Installed nvidia packages:
$ dpkg -l | grep nvidia
ii libnvidia-cfg1-470:amd64 470.57.02-0ubuntu0.18.04.1 amd64 NVIDIA binary OpenGL/GLX configuration library
ii libnvidia-common-470 470.57.02-0ubuntu0.18.04.1 all Shared files used by the NVIDIA libraries
ii libnvidia-compute-470:amd64 470.57.02-0ubuntu0.18.04.1 amd64 NVIDIA libcompute package
ii libnvidia-compute-470:i386 470.57.02-0ubuntu0.18.04.1 i386 NVIDIA libcompute package
ii libnvidia-decode-470:amd64 470.57.02-0ubuntu0.18.04.1 amd64 NVIDIA Video Decoding runtime libraries
ii libnvidia-decode-470:i386 470.57.02-0ubuntu0.18.04.1 i386 NVIDIA Video Decoding runtime libraries
ii libnvidia-encode-470:amd64 470.57.02-0ubuntu0.18.04.1 amd64 NVENC Video Encoding runtime library
ii libnvidia-encode-470:i386 470.57.02-0ubuntu0.18.04.1 i386 NVENC Video Encoding runtime library
ii libnvidia-extra-470:amd64 470.57.02-0ubuntu0.18.04.1 amd64 Extra libraries for the NVIDIA driver
ii libnvidia-fbc1-470:amd64 470.57.02-0ubuntu0.18.04.1 amd64 NVIDIA OpenGL-based Framebuffer Capture runtime library
ii libnvidia-fbc1-470:i386 470.57.02-0ubuntu0.18.04.1 i386 NVIDIA OpenGL-based Framebuffer Capture runtime library
ii libnvidia-gl-470:amd64 470.57.02-0ubuntu0.18.04.1 amd64 NVIDIA OpenGL/GLX/EGL/GLES GLVND libraries and Vulkan ICD
ii libnvidia-gl-470:i386 470.57.02-0ubuntu0.18.04.1 i386 NVIDIA OpenGL/GLX/EGL/GLES GLVND libraries and Vulkan ICD
ii libnvidia-ifr1-470:amd64 470.57.02-0ubuntu0.18.04.1 amd64 NVIDIA OpenGL-based Inband Frame Readback runtime library
ii libnvidia-ifr1-470:i386 470.57.02-0ubuntu0.18.04.1 i386 NVIDIA OpenGL-based Inband Frame Readback runtime library
ii nvidia-compute-utils-470 470.57.02-0ubuntu0.18.04.1 amd64 NVIDIA compute utilities
ii nvidia-dkms-470 470.57.02-0ubuntu0.18.04.1 amd64 NVIDIA DKMS package
ii nvidia-driver-470 470.57.02-0ubuntu0.18.04.1 amd64 NVIDIA driver metapackage
ii nvidia-kernel-common-470 470.57.02-0ubuntu0.18.04.1 amd64 Shared files used with the kernel module
ii nvidia-kernel-source-470 470.57.02-0ubuntu0.18.04.1 amd64 NVIDIA kernel source package
ii nvidia-prime 0.8.16~0.18.04.1 all Tools to enable NVIDIA's Prime
ii nvidia-settings 470.57.01-0ubuntu0.18.04.1 amd64 Tool for configuring the NVIDIA graphics driver
ii nvidia-utils-470 470.57.02-0ubuntu0.18.04.1 amd64 NVIDIA driver support binaries
ii xserver-xorg-video-nvidia-470 470.57.02-0ubuntu0.18.04.1 amd64 NVIDIA binary Xorg driver
Solution 1:
I had this GPU tested on a Windows system, which was able to display boot screen, login screen and desktop. However, the display artifacts persisted. Also, I suspect Windows was able to step down the resolution.

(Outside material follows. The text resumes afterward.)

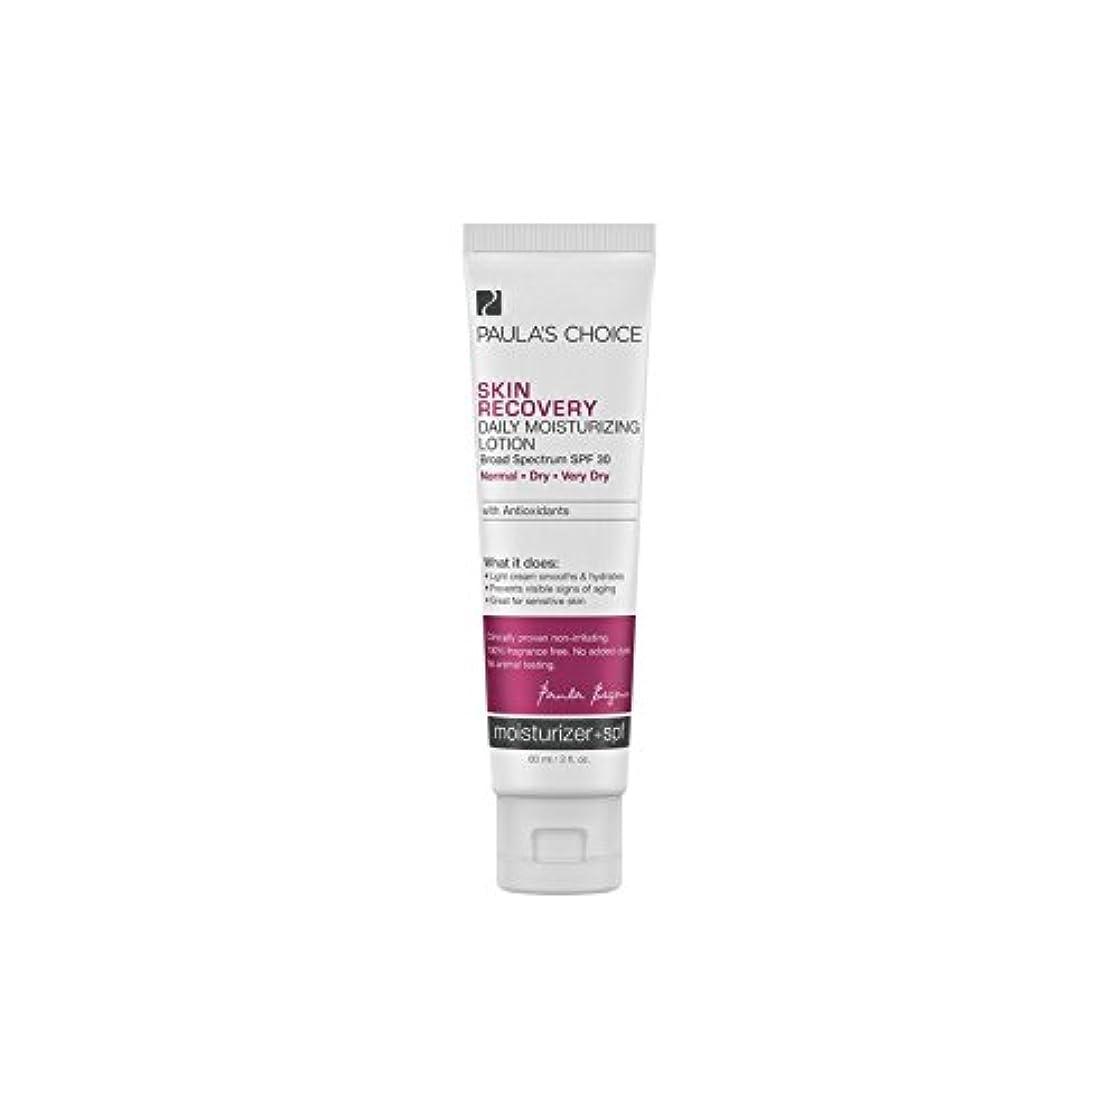 底セブン視聴者Paula's Choice Skin Recovery Daily Moisturizing Lotion Spf30 (60ml) (Pack of 6) - ポーラチョイスの肌の回復毎日の保湿ローション30(60ミリリットル) x6 [並行輸入品]

I came across this youtube video showing the same display artifacts and using NVidea MOD and MATS found the issue originated at one of the GPU VRAMs. Replacing the VRAM fixed the display issue.
As this GPU has been well maintained, I wondered if the GPU display fault was due to faulty interconnects. I came across this other youtube video that showed that reheating the GPU board with a heat gun for 6 to 8 mins had a 10% success rate of fixing the GPU card. He recommended this treatment as a last resort. I heated the GPU side of the card with a heat gun for around 4 mins. Thereafter, I flipped the card over and heated it for another 2 mins or so. After the GPU card cooled down, I tested it and found that its functionality is restored. The reheating procedure fixed the GPU card. Earlier, the GPU card was cleaned but was not heated treated; that procedure alone did not fix the GPU.